Here’s a benchmark/proposal:
import sqlite3, json
import time
import subprocess
def dict_factory(cursor, row):
d = {}
for idx, col in enumerate(cursor.description):
# col[0] is the column name
d[col[0]] = row[idx]
return d
def get_data_to_json():
conn = sqlite3.connect("/home/user/database.sqlite")
conn.row_factory = dict_factory
c = conn.cursor()
c.execute("SELECT * FROM server")
rst = c.fetchall() # rst is a list of dict
return rst
start = time.time()
rst = get_data_to_json()
print(f"normal data load: {time.time() - start}")
start = time.time()
out = subprocess.run(["sqlite3", "--readonly", "/home/user/database.sqlite", ".mode json", "select * from server"], check=True, capture_output=True).stdout
print(f"sqlite3 command: {time.time() - start}")
start = time.time()
loadit = json.loads(out)
print(f"load json from command: {time.time() - start}")
start = time.time()
json.dumps(loadit)
print(f"dump loaded json: {time.time() - start}")

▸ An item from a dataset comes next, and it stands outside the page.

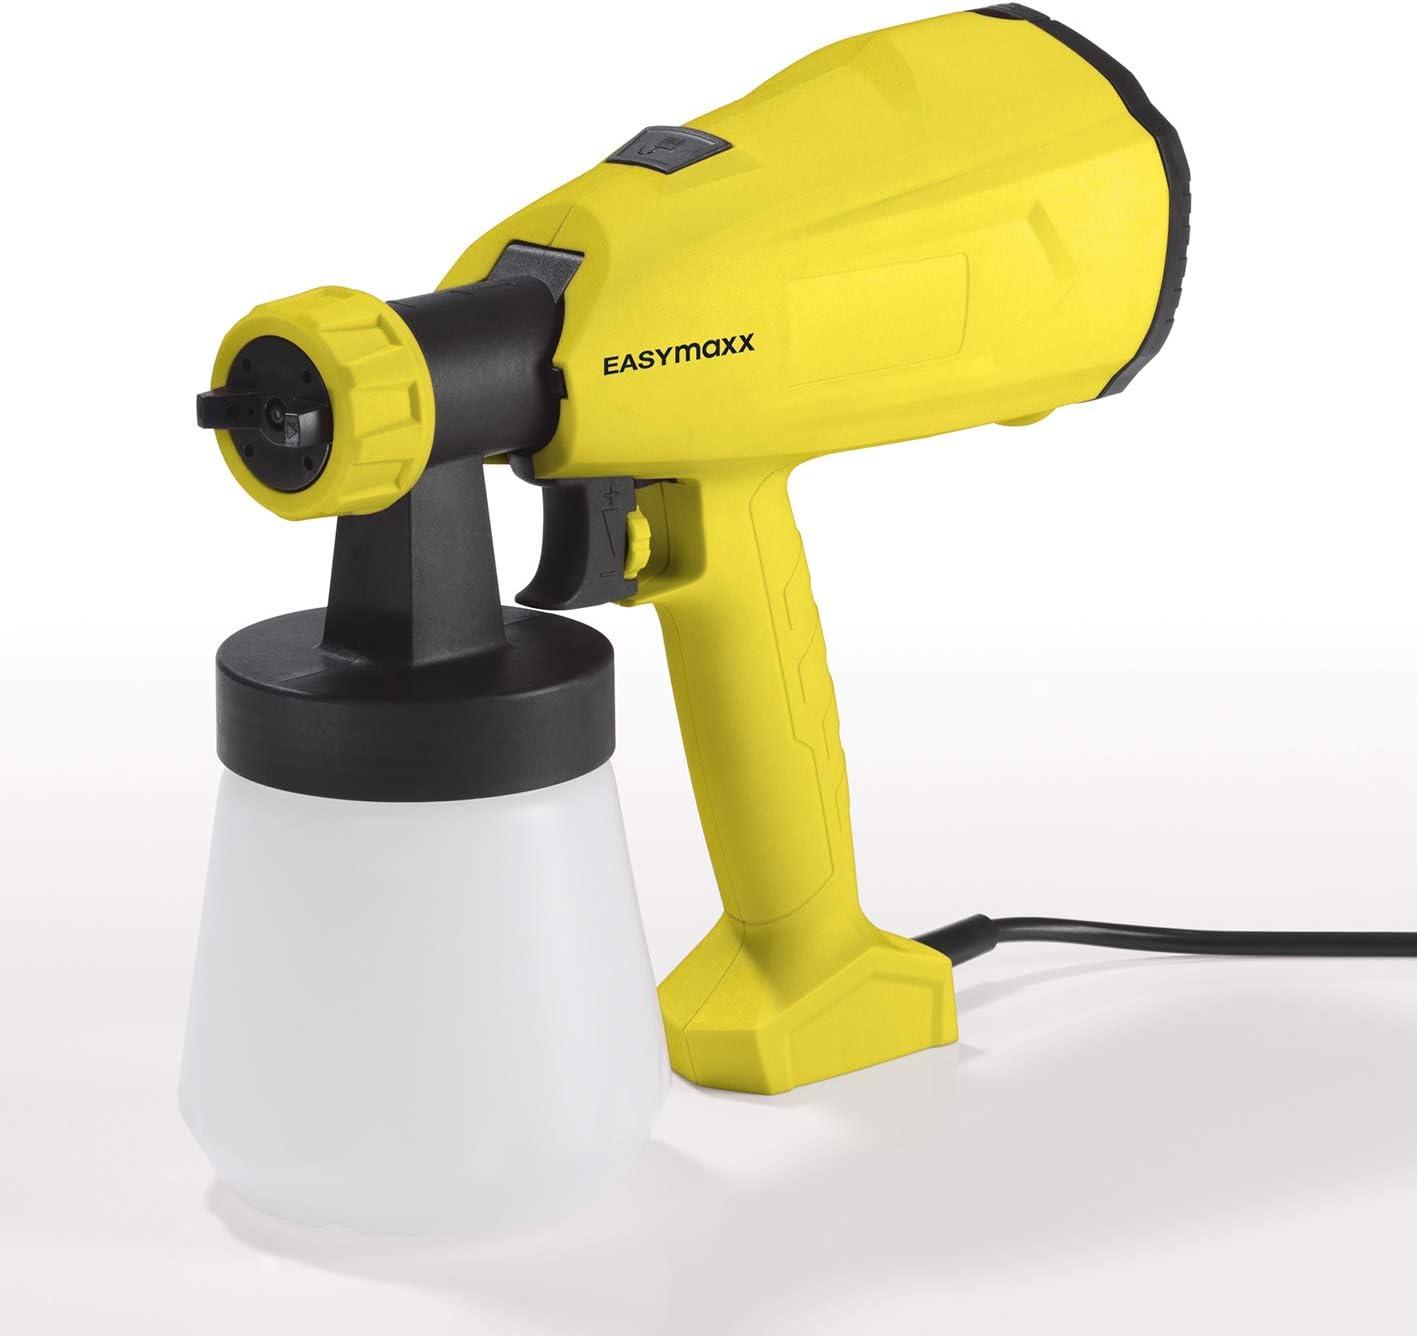 Farbspritzger/äte Set 3 Tassen Mehrzweck-Gravity-Spritzpistole Trigger Airbrush Kits Set f/ür Kunst Malerei 166 AK

Here’s the results on my machine:
$ python benchmark.py
normal data load: 0.7838420867919922
sqlite3 command: 0.19471359252929688
load json from command: 0.21944022178649902
dump loaded json: 0.16810369491577148
I recently found out that sqlite3’s CLI has a JSON mode. This JSON mode is considerably faster than any Python option that I’m aware of.
There’s lots of cases where this might be useful. Let’s say you have an API that needs to dump a decent bit of data from your database. There’s no reason to load the JSON, then dump it to send it. In this case, it’s about 5x faster to let sqlite dump the JSON and pass that along.
What’s crazy is that it’s even 2x faster to call sqlite3
and load JSON, than it is to fetchall()
.
I am not sure how the sqlite interface works and if this would require work on sqlite’s part, but to me this is a substantial improvement. It’s possible this isn’t technically feasible atthe moment.
I imagine this might have an interface like:
session.exec(query, mode=json)
or session.exec(query, mode=dict)
Now while this would be more convenient no matter the implementation, I would hope to have the same speed seen by calling subprocess.run on the CLI.
Curious what you all think.
Thanks!